### Your instructions
The material beneath this line should be printed exactly, with its pictures omitted.

### Supplied information
_ _ _
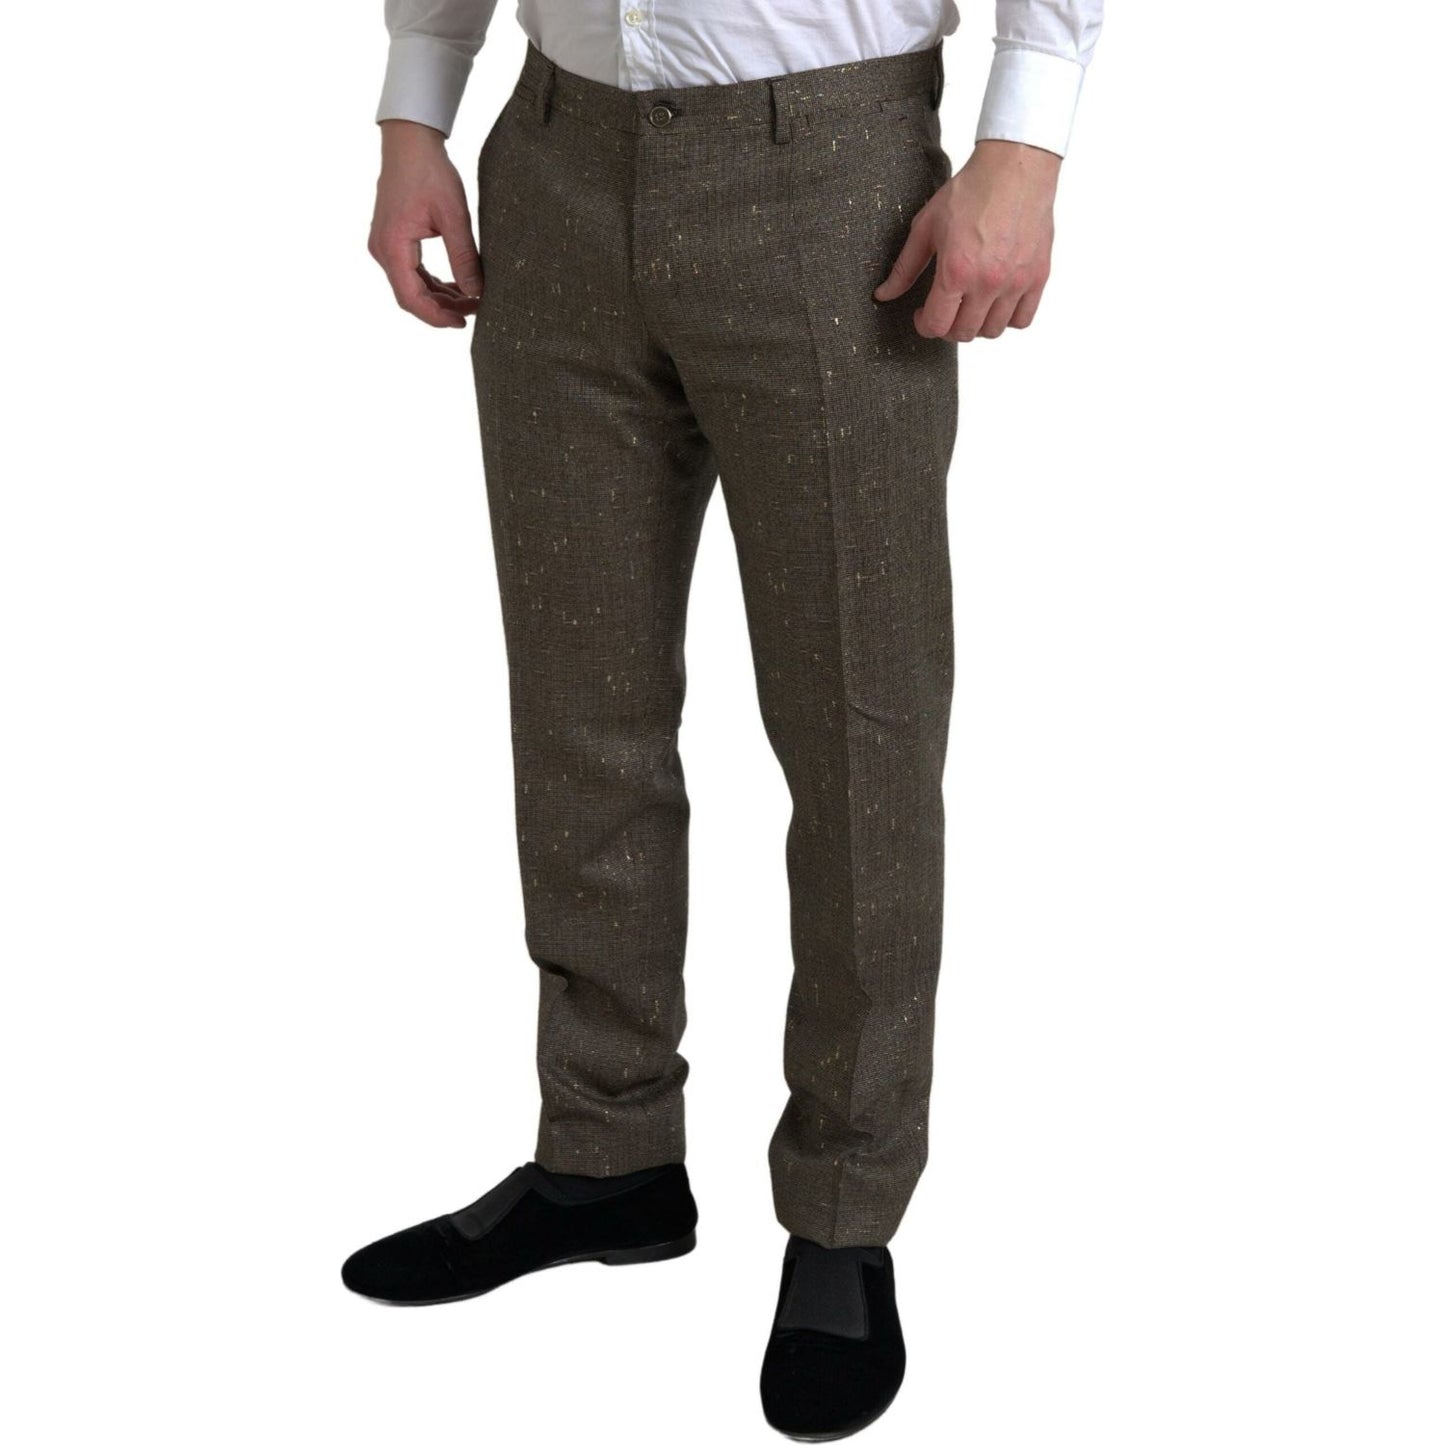 Dolce & Gabbana Elegant Skinny Wool Chino Pants brown-wool-dress-skinny-men-trouser-pants 465A9113bg-scaled-a172dbbc-c35.jpg
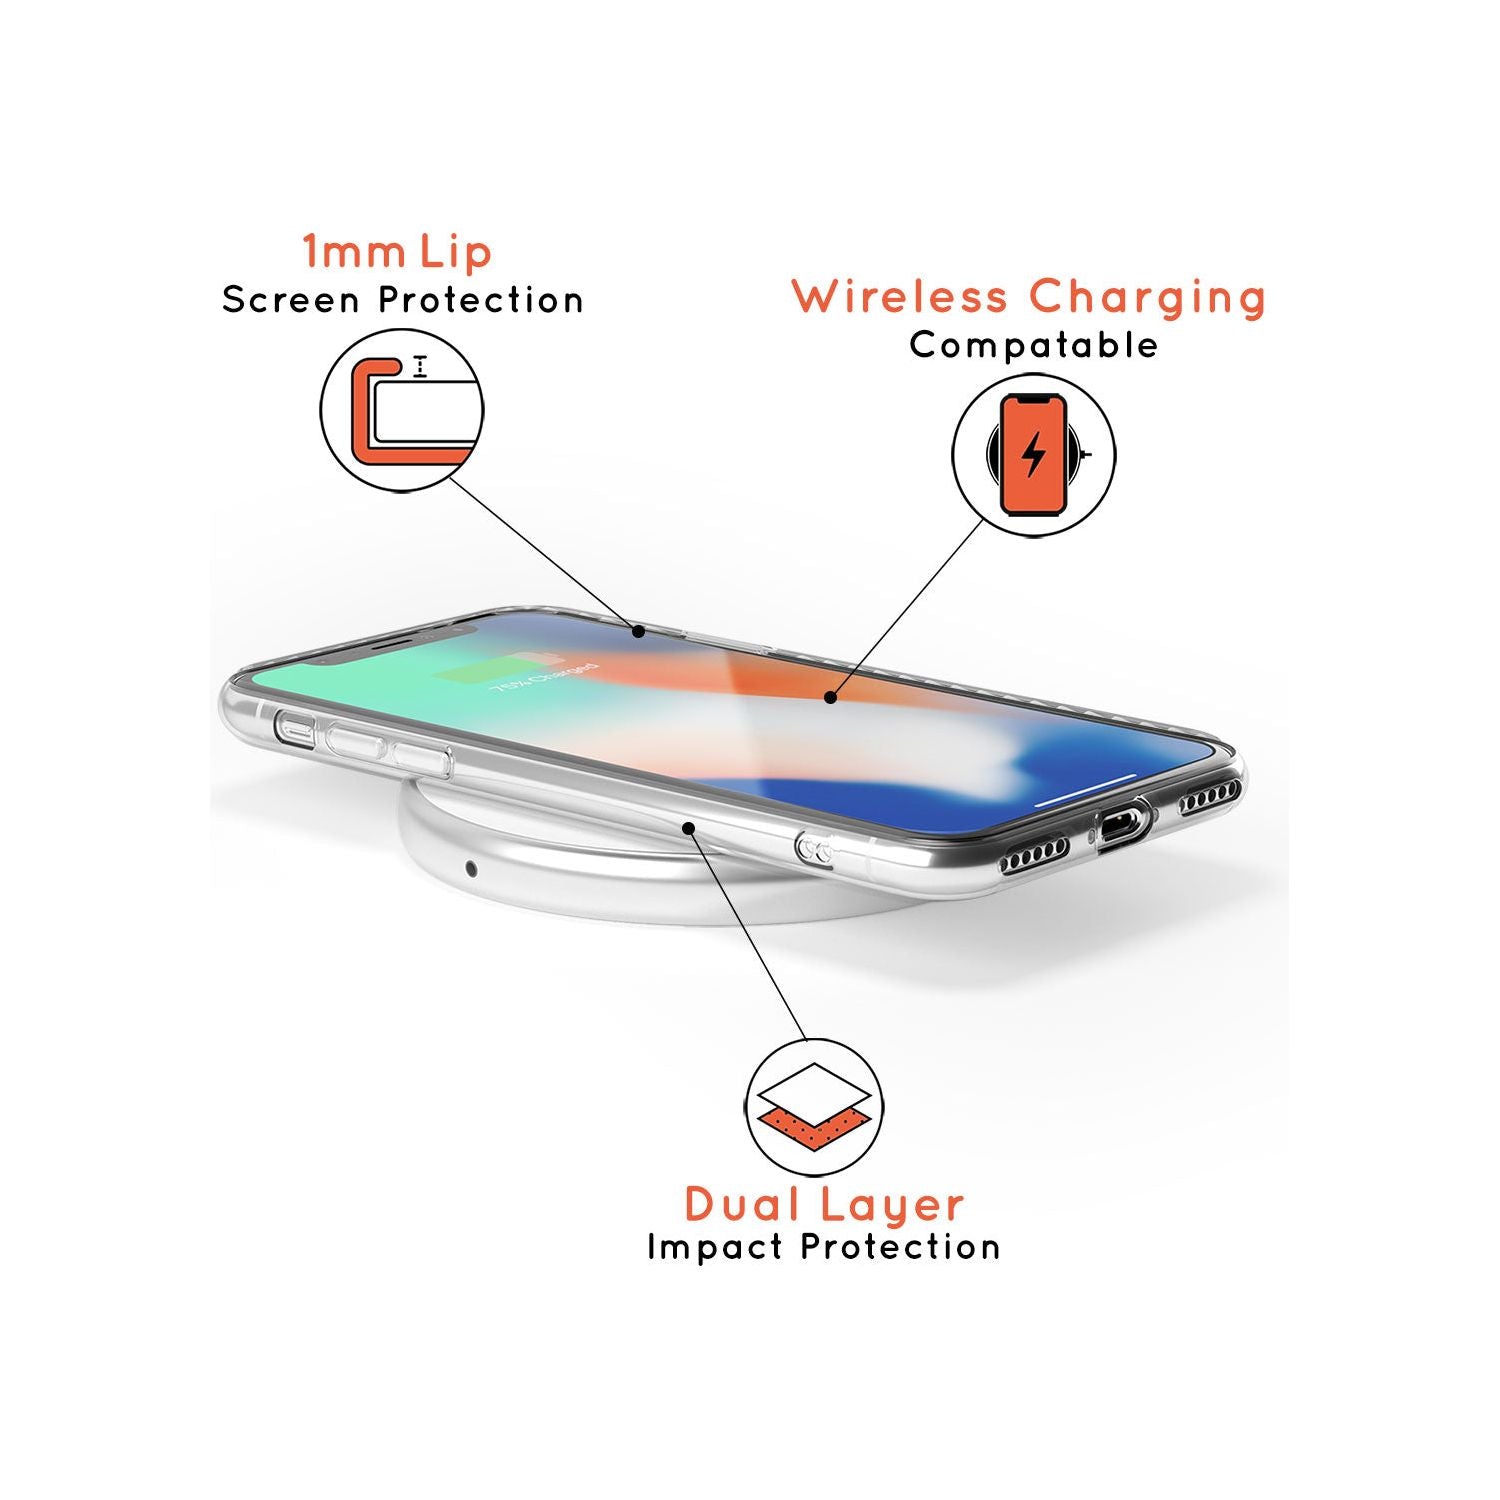 Pisces Emblem - Transparent Design Slim TPU Phone Case for iPhone 11 Pro Max
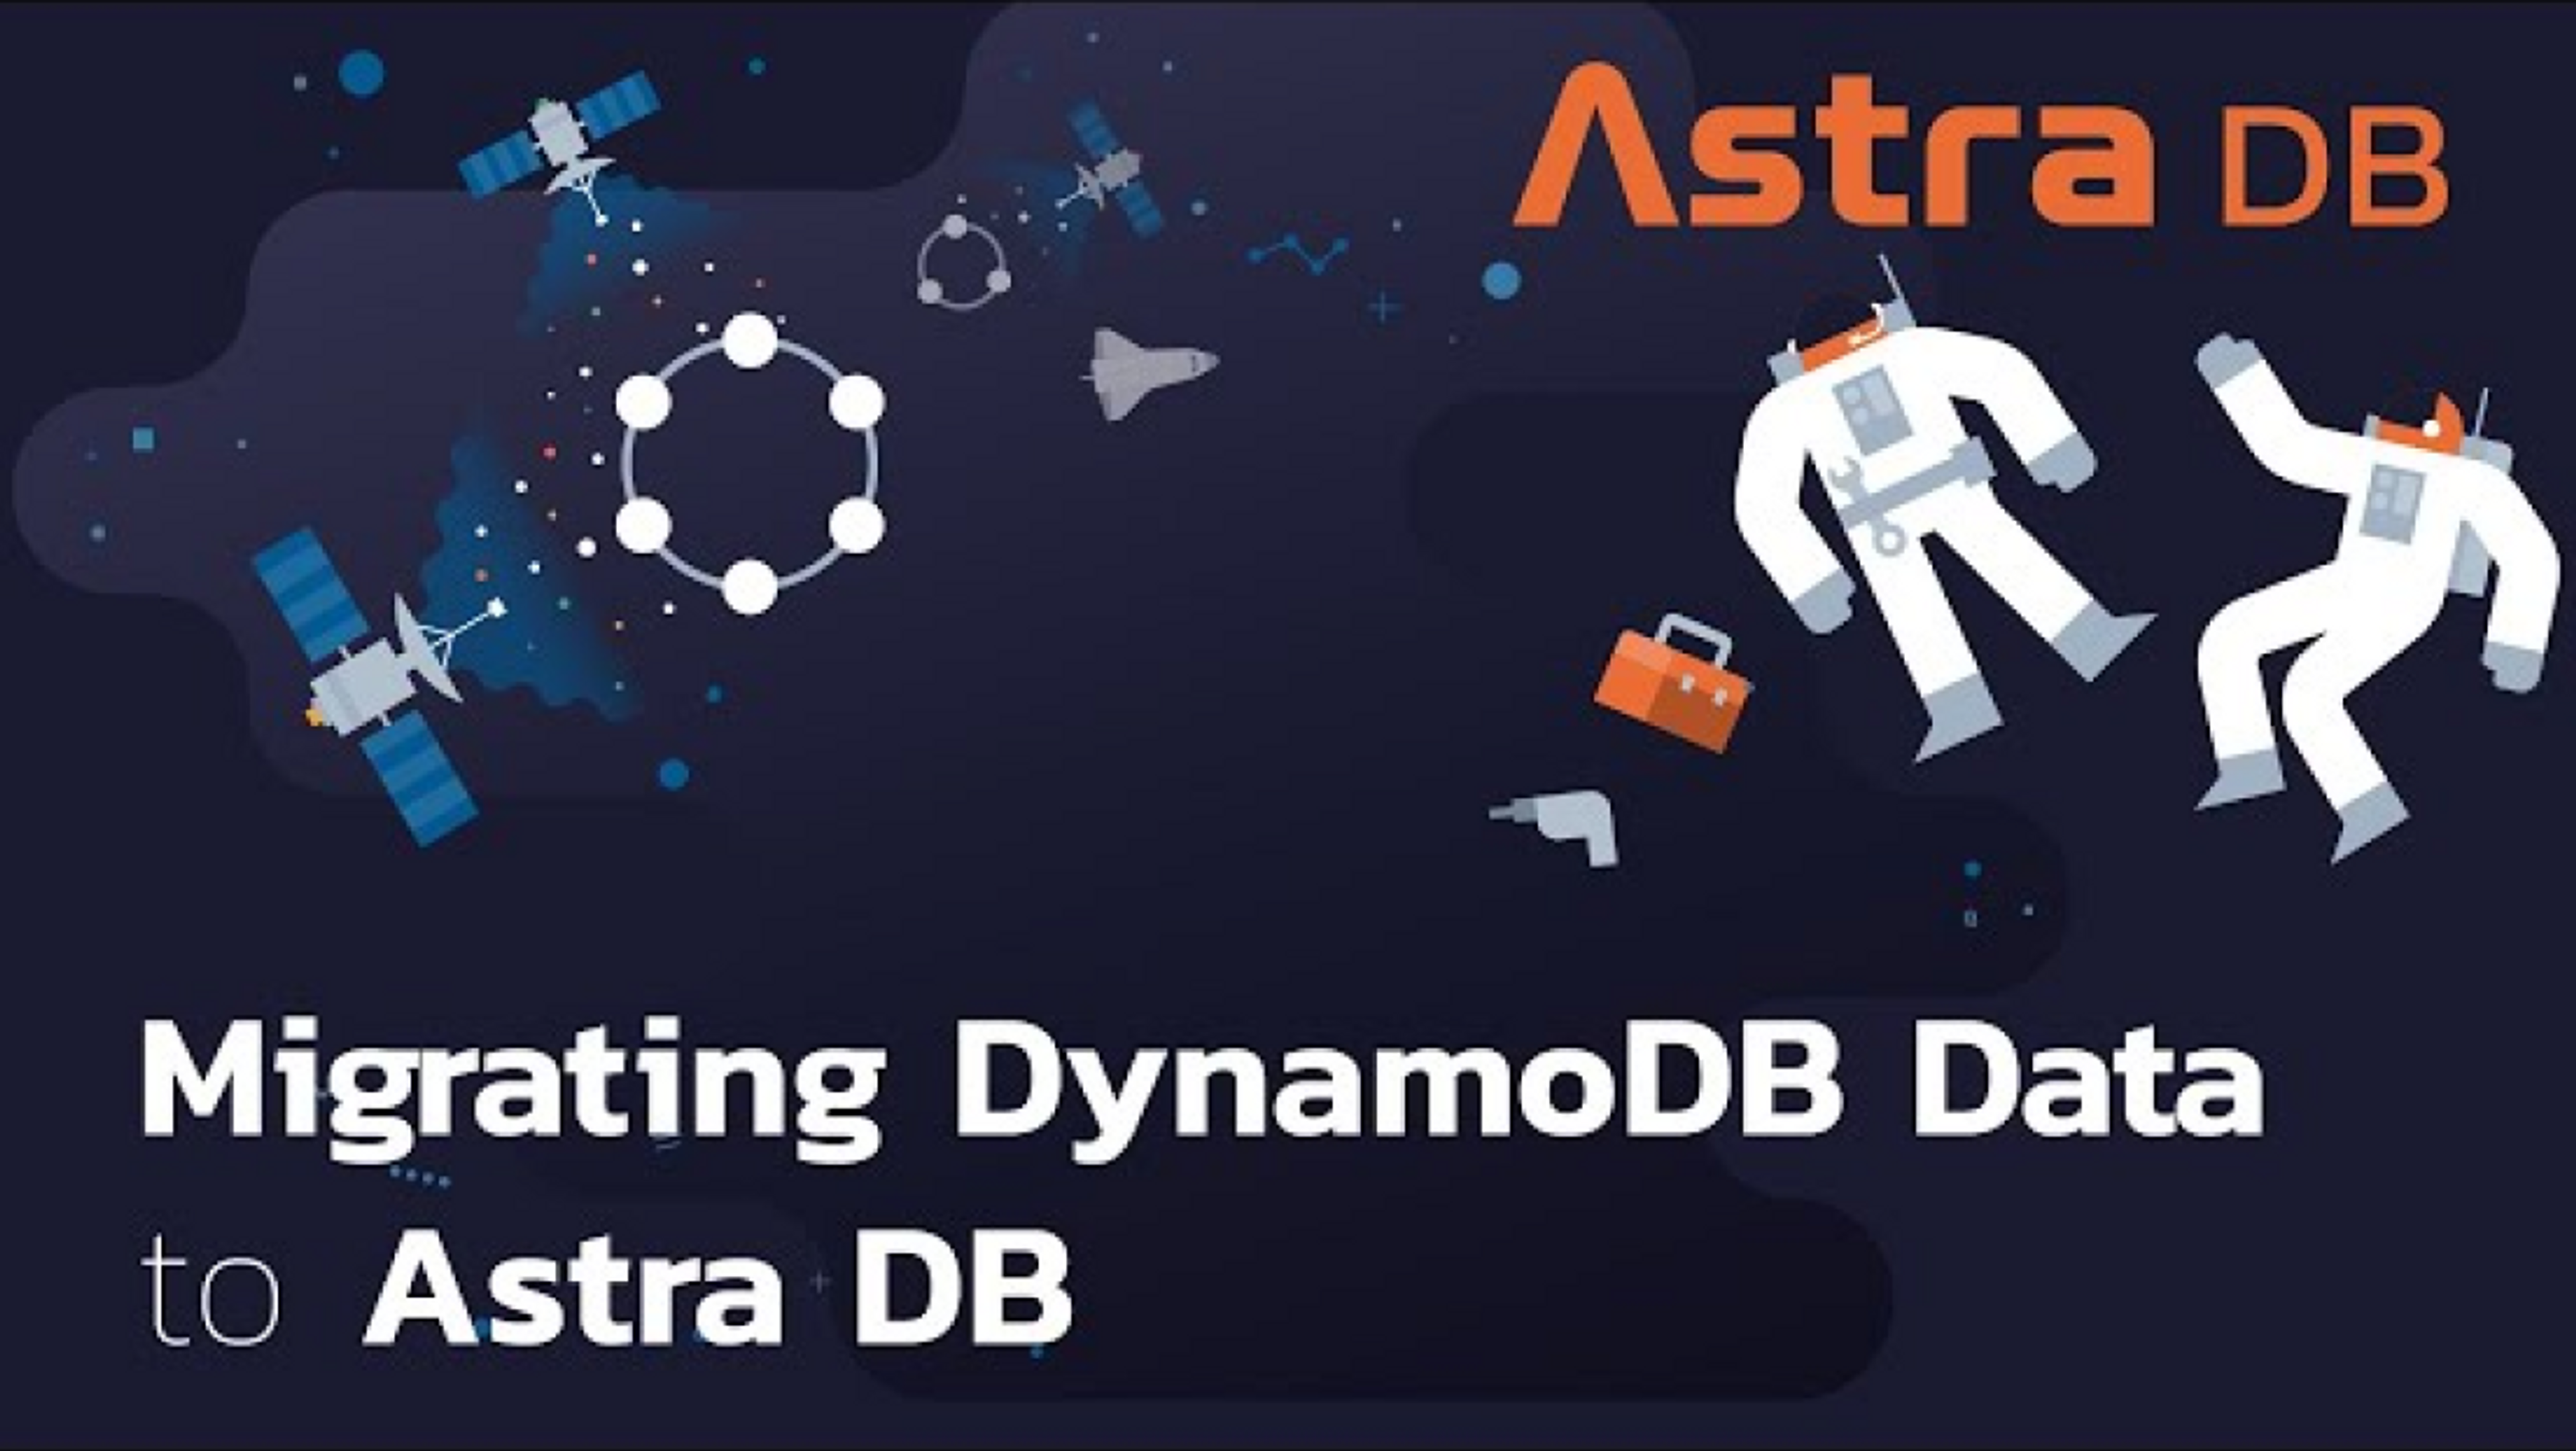 Migrating dynamodb data to astra db
_ _ _
### Response area
 Dolce & Gabbana Elegant Skinny Wool Chino Pants brown-wool-dress-skinny-men-trouser-pants 465A9113bg-scaled-a172dbbc-c35.jpg
 Pisces Emblem - Transparent Design Slim TPU Phone Case for iPhone 11 Pro Max
 Migrating dynamodb data to astra db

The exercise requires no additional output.